Procurei cumprir, desde sempre, o desafio que é projecto de todo o homem livre - estar na luta pela liberdade de todos.

E nessa luta, exigiram os tempos vários, e exige a conjuntura actual, que a justiça seja uma trincheira incontornável, onde se joga, como tem sido sublinhado em vários registos e quadrantes de opinião, a própria viabilidade de uma sociedade democraticamente adulta.

Estive e estou aí; e é dessa trincheira que agradeço, do fundo da cidadania, este ouro feito Medalha, com que a nossa Ordem quis singularizar o percurso que tenho realizado.

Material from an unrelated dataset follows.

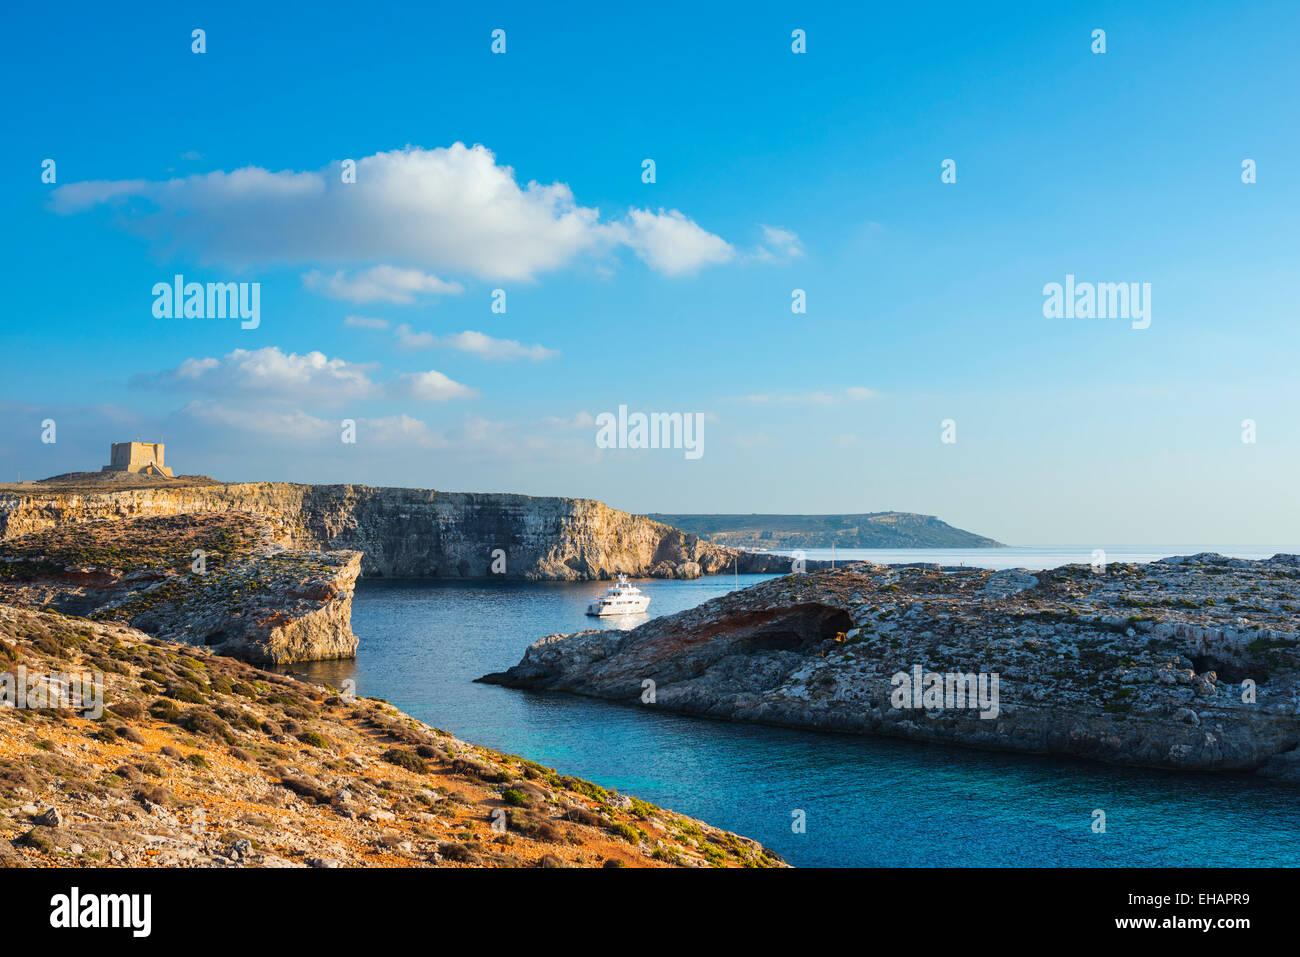 L'Europe méditerranéenne, Malte, l'île de Comino, falaise de guet Photo Stock

Foi nele que recebi a lição de dois vultos enormes da advocacia, que honraram a profissão como poucos, e fizeram da cidadania a sua virtude – os Drs. Salgado Zenha e o Bastonário Almeida Ribeiro, queridos amigos, cuja memória quero convocar, nesta cerimónia, para me acompanhar no agradecimento, aos Bastonários Osório de Castro e José Miguel Júdice, pelas palavras amigas com que acabam de me distinguir, e que representam, por se tratar de figuras primeiras da advocacia portuguesa, um acrecido estímulo para prosseguir no combate pela Justiça.

Minhas senhoras e meus senhores,

Não me tenho cansado de sublinhar que ser Chefe do Estado não é profissão, é função, e que, antes e depois das coisas públicas, sou, sobretudo, advogado.

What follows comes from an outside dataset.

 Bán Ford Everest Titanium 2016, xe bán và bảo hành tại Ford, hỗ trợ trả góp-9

E é por isso que não há maior honra do que estar hoje, aqui, a receber o mais alto galardão da nossa Ordem.

Não esqueço que esta distinção tem tudo a ver com uma vida de luta para que seja dado a cada um o que de direito lhe pertence, que é a razão última de se ser advogado.

Mas ela é, também, o reconhecimento de uma continuada intervenção cívica e política, ao longo dos anos, em favor da reforma da justiça, que continua à espera que a sua organização e funcionamento possam corresponder, finalmente, ao modelo de liberdade e de democracia inscrito na Constituição da República.

Nessa reforma, muito se exige aos advogados, que sendo os últimos na ordem protocolar da Justiça, têm estado, todavia, na primeira linha das intenções e projecto de mudança, como evidencia o Congresso da Justiça, por eles lançado, e de que, pese embora o esforço de todos, foram, tantas vezes, o motor mais entusiasta. O que nada admira.

É que aos advogados cabe levar até à Justiça os direitos e os interesses que exigem protecção, e, por essa via, exercerem a imprescindível mediação entre os mecanismos formais de aplicação da justiça - os tribunais - e a generalidade dos cidadãos.

E, por isso, conhecem, de um posto de observação privilegiado, o sem número de disfunções de que o sistema judiciário padece, sentindo, de um modo particular, a necessidade inadiável de lhes pôr cobro.

Porque assim é, muito terá de lhes ser pedido, em informação e opinião, para que a reforma se faça com eficácia.

Mas não só: eles terão de ser, ainda, os primeiros a prescindir das rotinas instaladas, dos preconceitos feitos argumento, e mostrar-se cooperantes e abertos às exigências dos novos modelos.

Estou certo de que os advogados darão resposta condigna a este desafio, e mostrarão, uma vez mais que a dignidade da profissão continuará a ser, antes de tudo, servir.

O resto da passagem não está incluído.